Work to be completed: Reproduce precisely the lines of the listing below, starting with the line that contains "Senior woman with" and stopping after the line that contains "shoes Shopify theme"; include nothing else.

Listed entries:
※
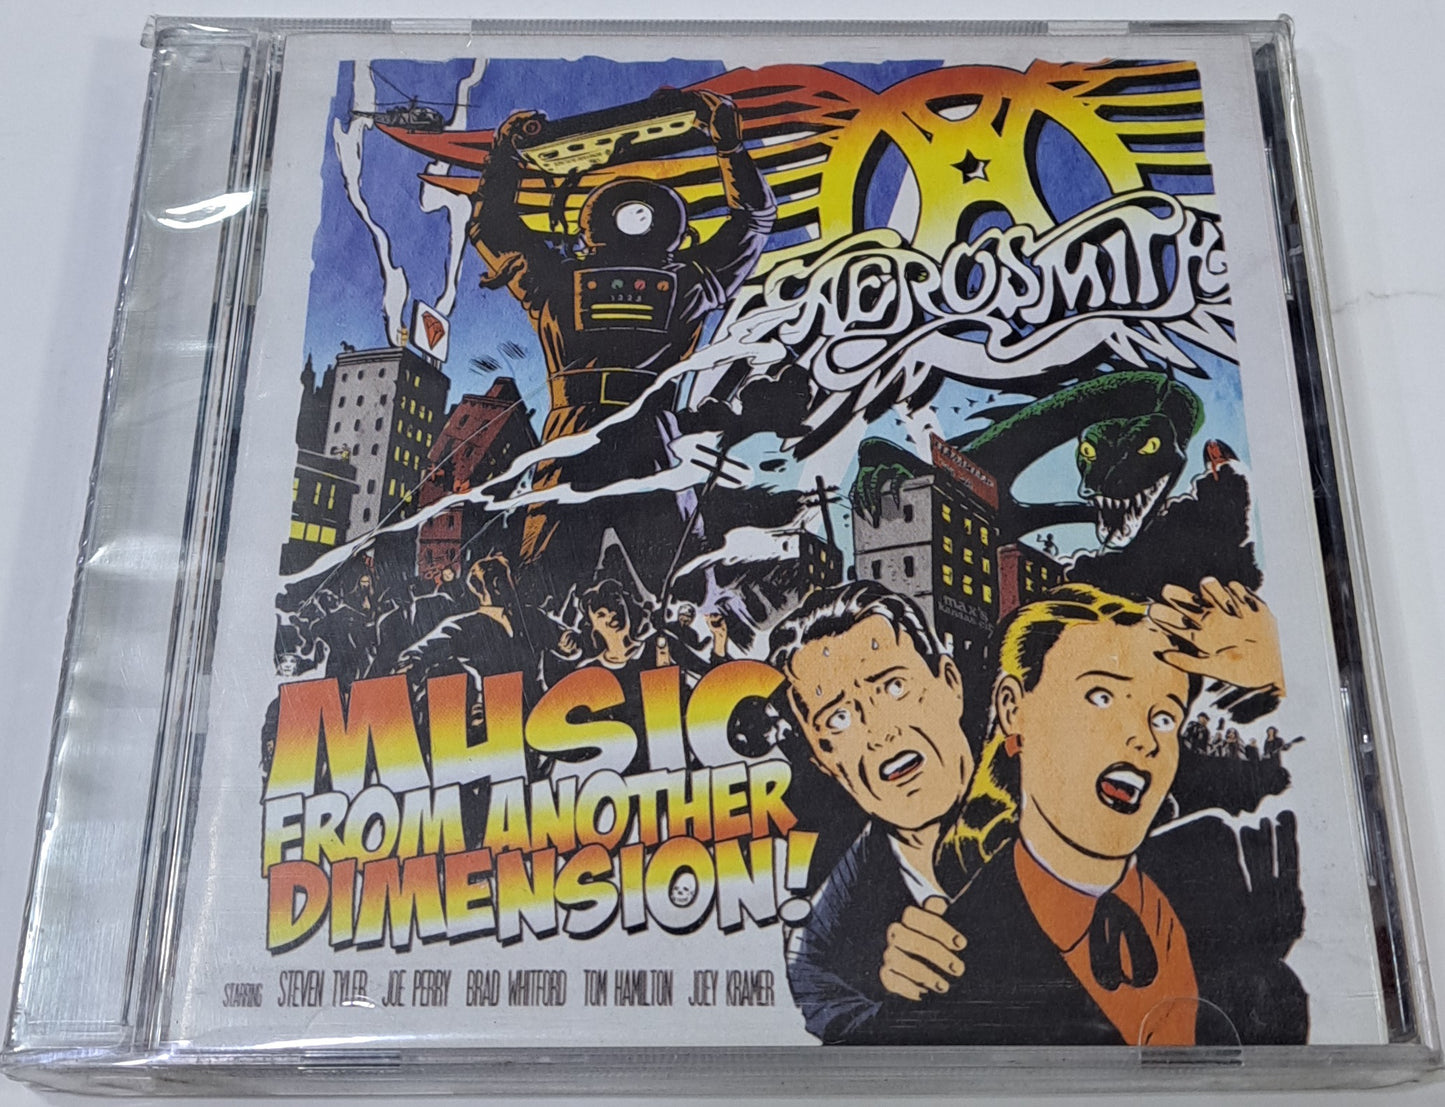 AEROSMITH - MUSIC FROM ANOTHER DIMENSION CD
※
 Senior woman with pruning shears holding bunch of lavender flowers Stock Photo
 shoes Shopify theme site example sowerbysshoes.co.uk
※
Answer to this exercise:
 Senior woman with pruning shears holding bunch of lavender flowers Stock Photo
 shoes Shopify theme site example sowerbysshoes.co.uk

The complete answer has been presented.